A companion analysis would be to say what kind of relief can be supported by H2O ice at these temperatures / acceleration due to gravity. Ganymede makes a very handy reference. DEMs from G1/G2 and from Voyager/G8 show delta-elevations of about 1500 m.

Take that empirical result with a grain of salt or two -- the uplift could be different in the two cases, and Titan may not be in steady state. And moreover, the stereo coverage of Ganymede is extremely limited. Also, the sand seas should be able to make steep icy slopes more "buoyant" than when they are exposed to the vacuum of space. That could preserve some deeper gorges that are under "sea level".

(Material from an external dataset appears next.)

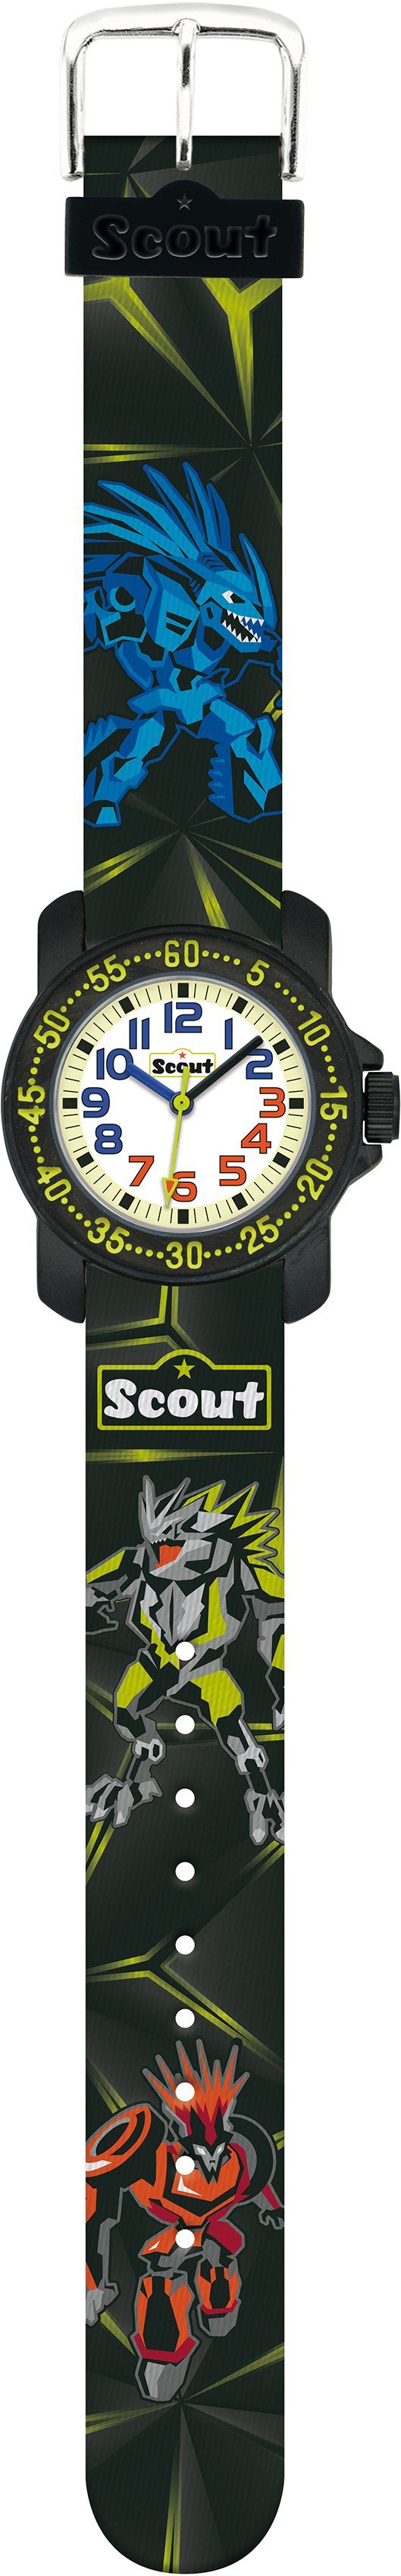 Scout Quarzuhr Action Boys, 280376041, ideal auch als Geschenk | Quarzuhren

We shouldn't be surprised, though, if we find out that most of Titan's surface (including the icy surface submerged under sand seas) is within a range of 1500 meters or so of elevation. Since the sand seas occupy only a small fraction of the distribution [at the bottom, obviously], one would naively expect a depth that is a comparable fraction of the range. Eg, 1/10th of the range is about the bottom 150 meters. That happens to nail Juramike's estimates working from another direction.

Given the sharp linear features around Aztlan in particular, perhaps there are some isolated "Marianas Trench" locales where the sand seas are particularly deep, but that wouldn't operate across their full breadth, for sure.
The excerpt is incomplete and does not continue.